• _Instructions for the task_: In the material below, find the line that contains "Arsenal players approach" and the line that contains "Kanye West and", then write out exactly those two lines and everything between them.

• _Records for this task_:

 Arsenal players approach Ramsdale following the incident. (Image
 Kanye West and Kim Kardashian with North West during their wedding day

--

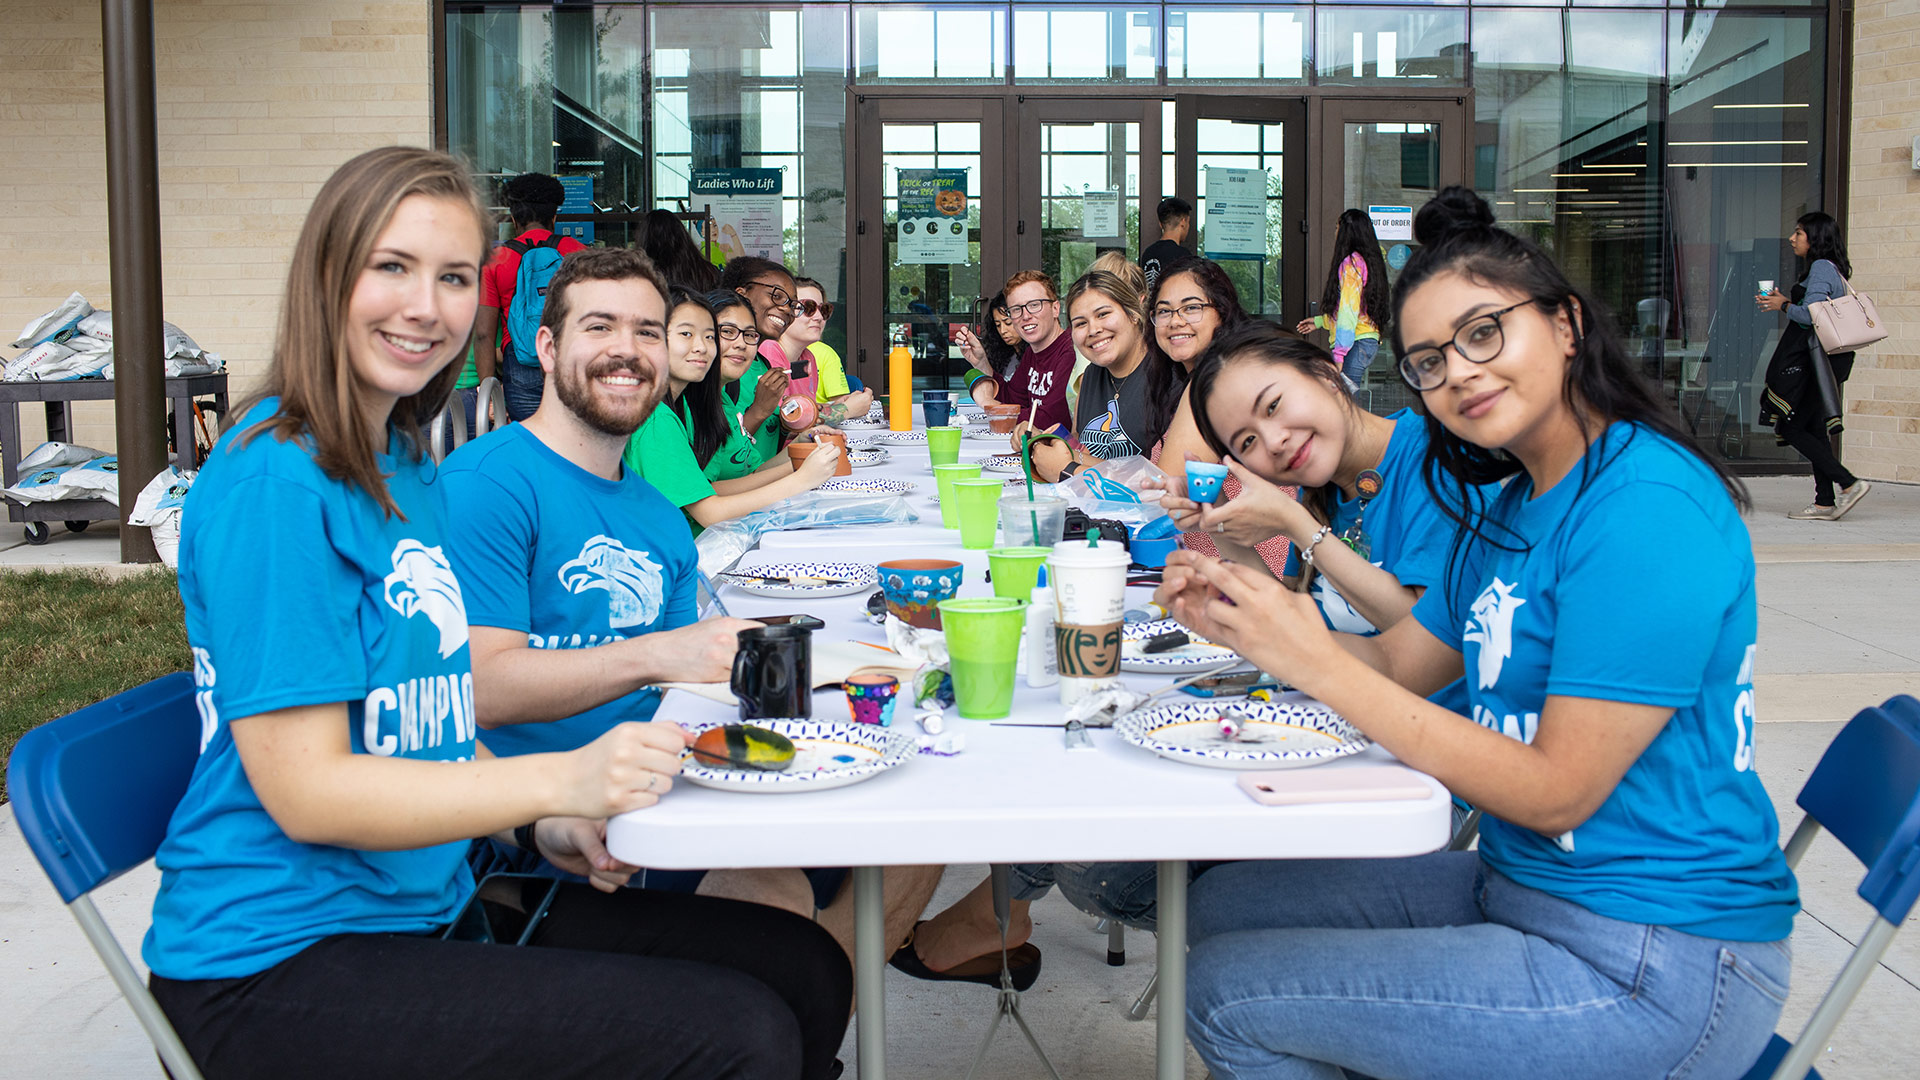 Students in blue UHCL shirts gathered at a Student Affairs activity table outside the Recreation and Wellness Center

---

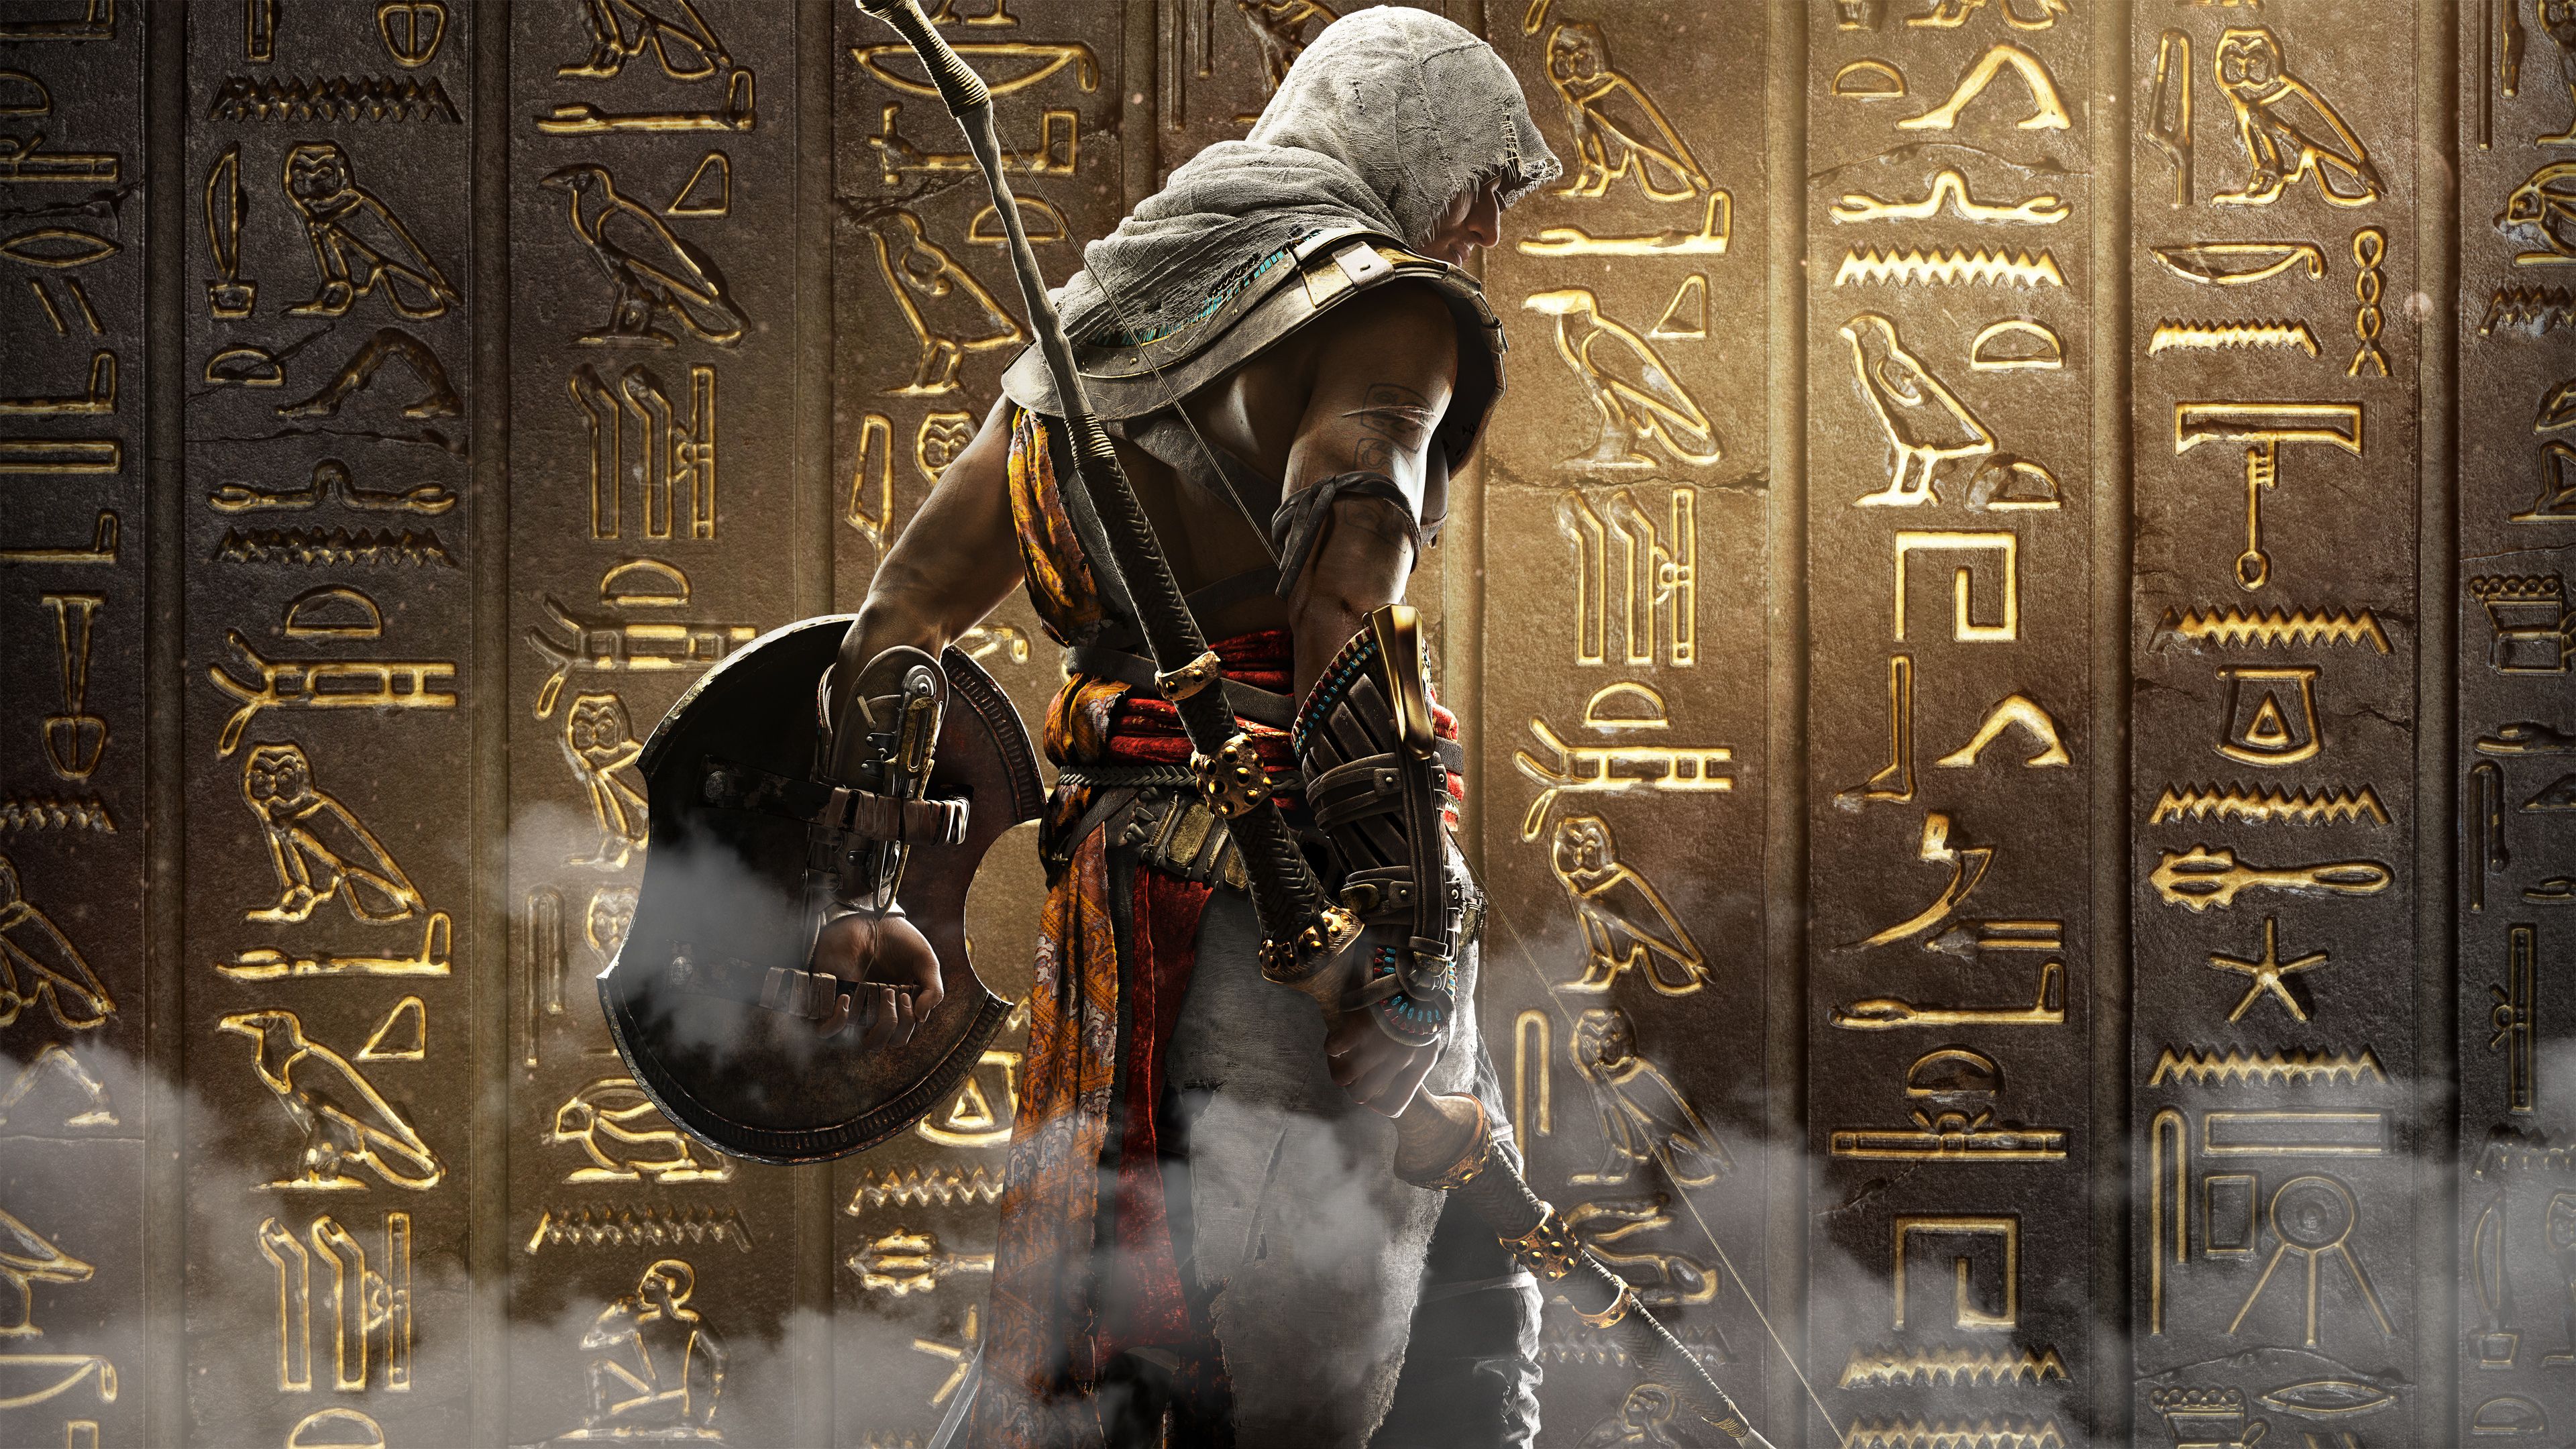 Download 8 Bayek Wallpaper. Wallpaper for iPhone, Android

• _Finished task_:
 Arsenal players approach Ramsdale following the incident. (Image
 Kanye West and Kim Kardashian with North West during their wedding day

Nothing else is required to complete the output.